Supplementary material S1 shows a full description of the WWTP model used. Monte Carlo simulation was performed to take into account the variability of sludge and wastewater composition. A normal distribution was assumed for values reported in Table 1. Python 3.12.4 software with the 'rng. normal' command was used for modeling the process, running 10,000 simulations.

2.1. CO2-Biomethanation

The biological methanation of CO2 involves the following reactions, as proposed by Schwede et al. [51] and Rafrafi et al. [52]. The conversion of CO2 into acetate was demonstrated to be dependent on dissolved CO2 levels in the reactor, with values above 2.0 ± 0.2 mmol/L favoring direct methane conversion from CO2 by keeping H2/CO2 ratios above 4.0 units [53]; therefore, in the present document only reaction (1) was considered to estimate methane productivity of the reactor:
CO2 + 4 H2 → CH4 + 2 H2O (1)
2 CO2 + 4 H2 CH3COOH + 2 H2O (2)
CH3COOH → CH4 + CO2 (3)
Continuous stirred tank reactors (CSTR) attain better specific surface area than other types of reactors if gas bubbles are small and well dispersed, thus allowing better transfer efficiencies (higher KLa values) [54]. However, other reactor configurations, such as airlift reactors, perform better in terms of mass transfer efficiency [55]. Hydrogen injection values reported in the scientific literature range from 0.02 up to 0.56 L H2/Lr d [56,57] when studying direct injection to the anaerobic reactor and higher values when operating with other reactor configurations thanks to the feasibility of applying higher gas recirculation rates, thus improving mass transfer. Laguillaumie et al. [58] applied injection rates between 0.7 and 9.4 L H2/Lr d using a bubble column when working under thermophilic conditions and attaining a gas conversion close to 100%. Illi et al. [59] reported values between 0.54 and 1.1 L H2/Lr d using an anaerobic filter under mesophilic conditions, and Strübing et al. [60] reported an injection rate of 52.5 m3 H2/m3 trickle bed/d operating in this case under thermophilic conditions. Haitz et al. [61] reported injection values of 4 – 6 L H2/Lr d when testing a hollow fiber system.
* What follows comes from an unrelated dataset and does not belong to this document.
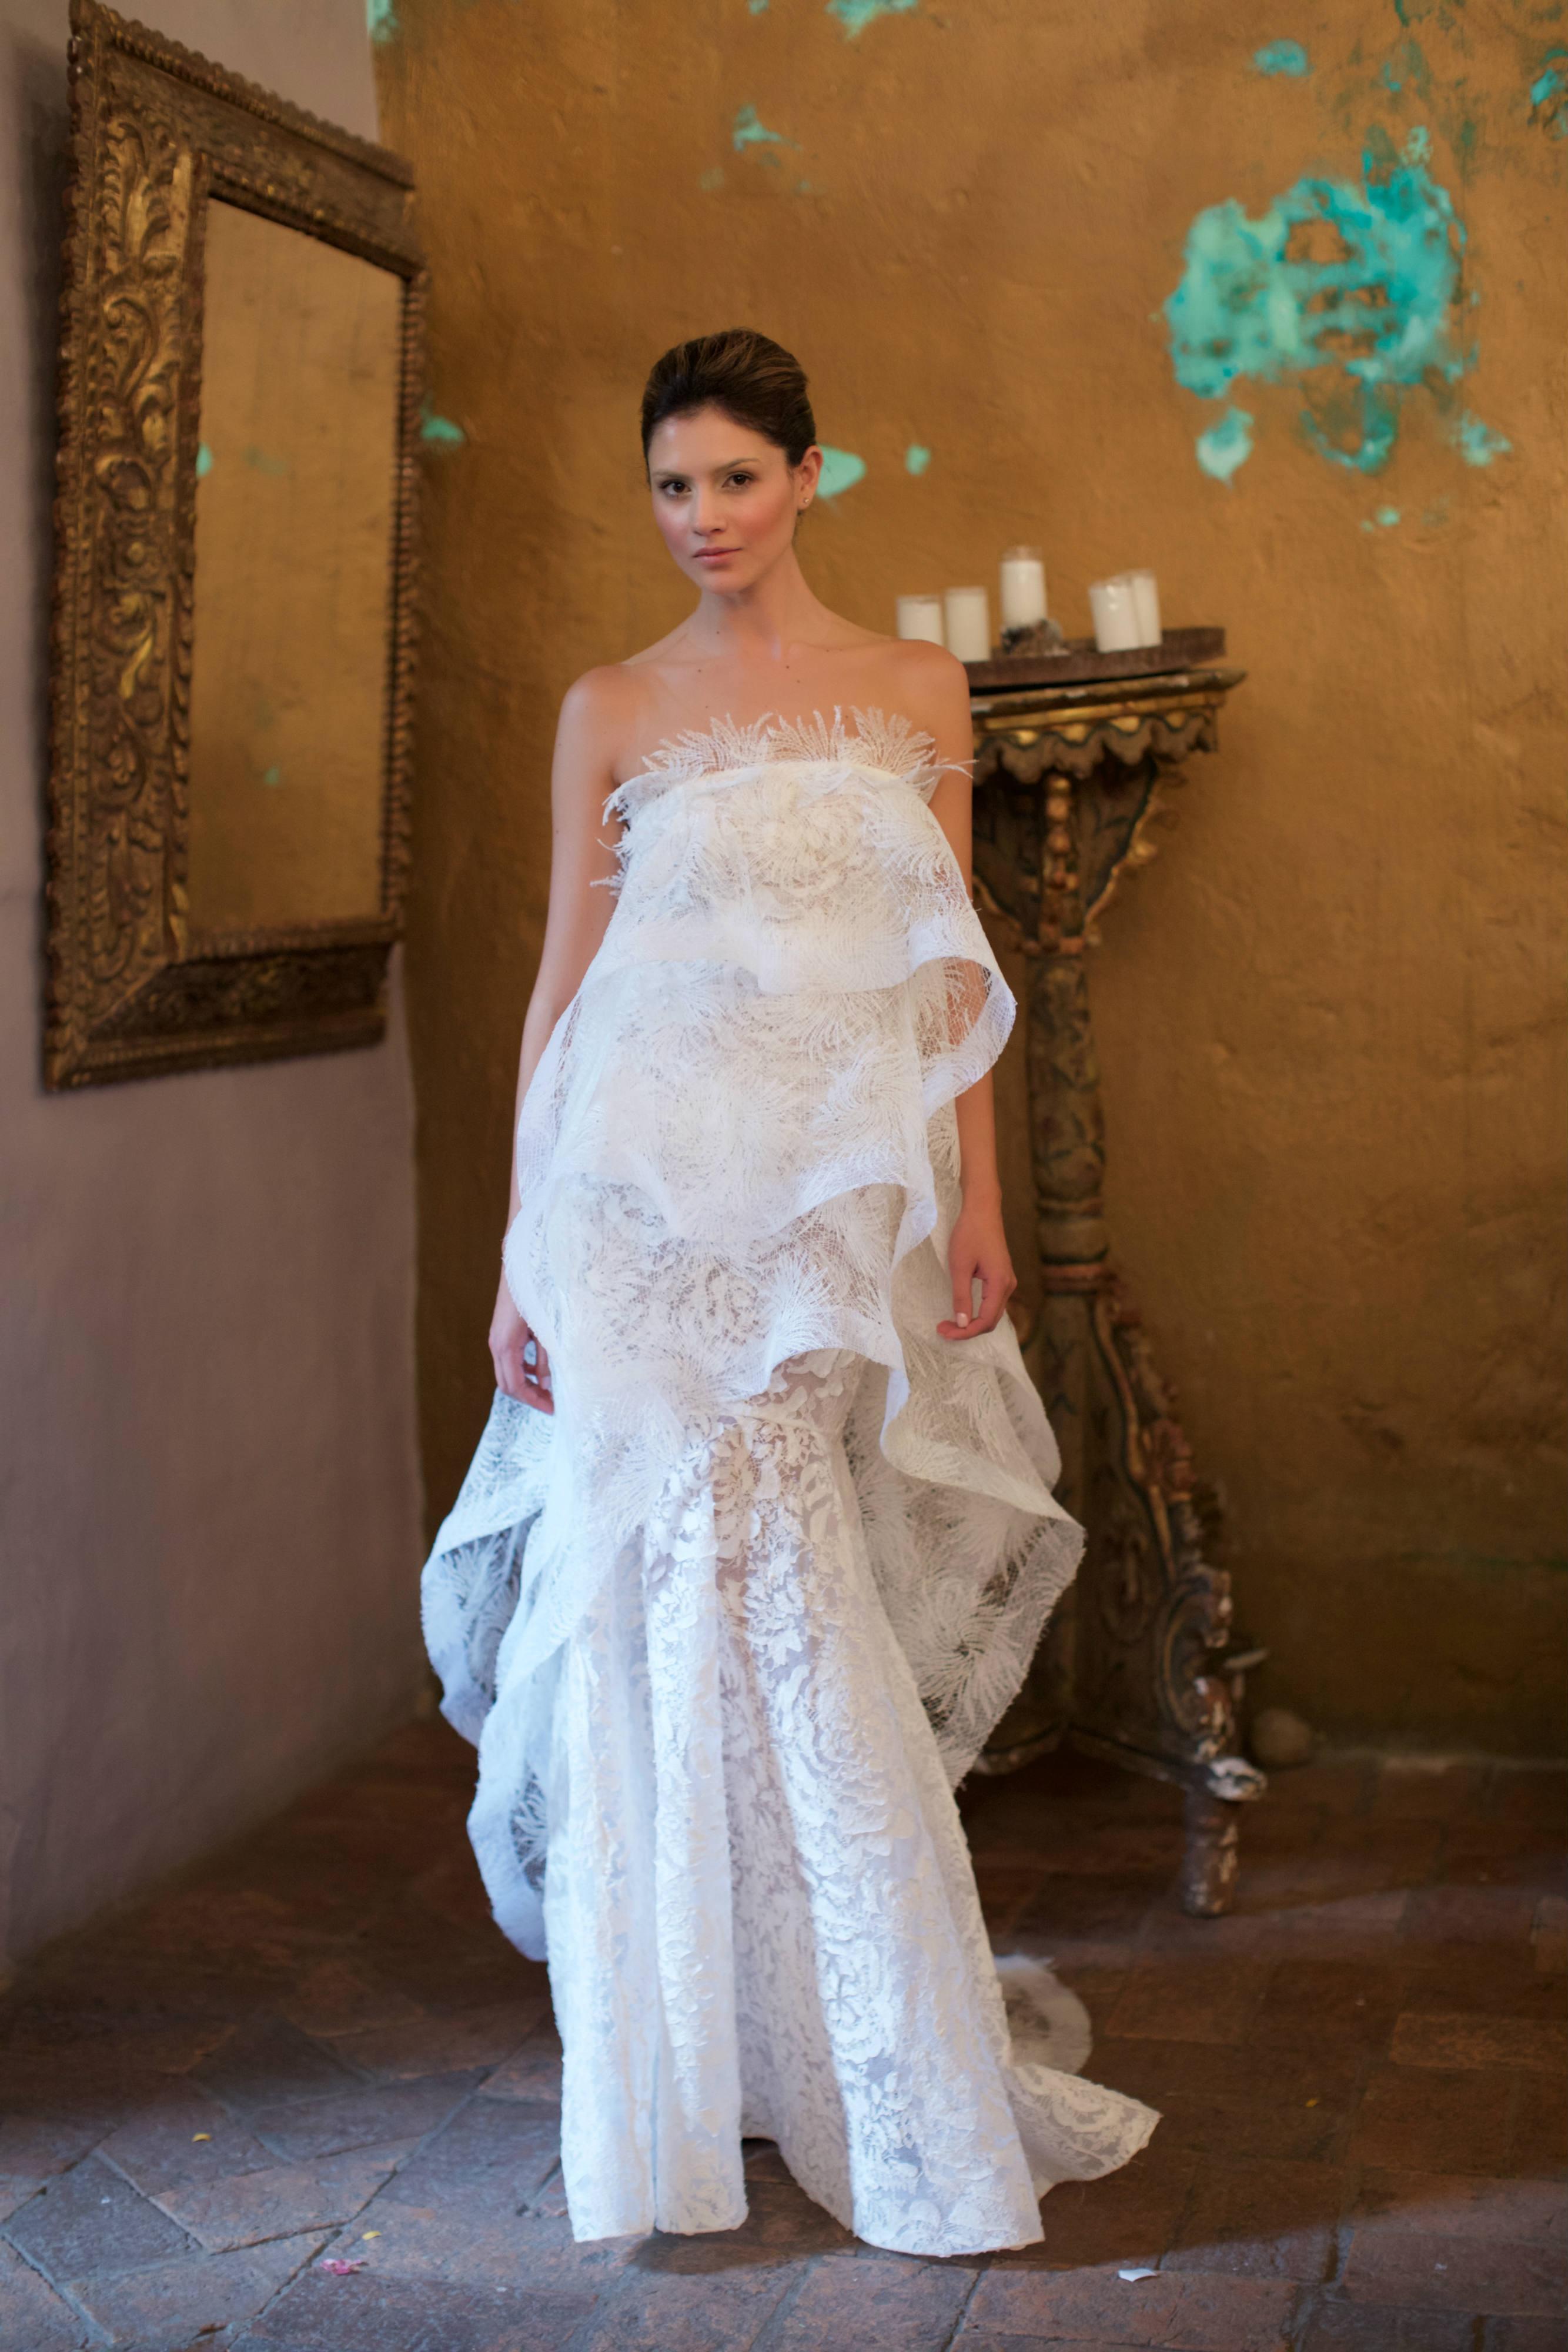 La novia perfecta, según Silvia Tcherassi - Univision

Given the complexity of operating other reactor configurations, the present work assumed direct hydrogen injection into the digester, thereby taking advantage of the nutrients already present in sludge, operating the reactor as a typical digestion unit, and serving H2 as a cosubstrate.
Two scenarios were studied (see Figure 1), one including mesophilic conditions for the anaerobic digester and thermophilic conditions for the second. The injection rate in the first case was assumed to be 0.2 L H2/Lr d for the low injection case and a value of 1 L H2/Lr d for the high injection case, based on the assumption that the maximum theoretical value is 2.27 L H2/Lr d [62]. The second scenario evaluated higher injection rates by establishing thermophilic conditions. In this second scenario, two injection rates were also tested: 5 L H2/Lr d for the low injection case and 30 L H2/Lr d for the high injection case. No increase in sludge specific methane production (SMP) was considered for thermophilic conditions based on reports of Gavala et al. [6] and Chen et al. [8].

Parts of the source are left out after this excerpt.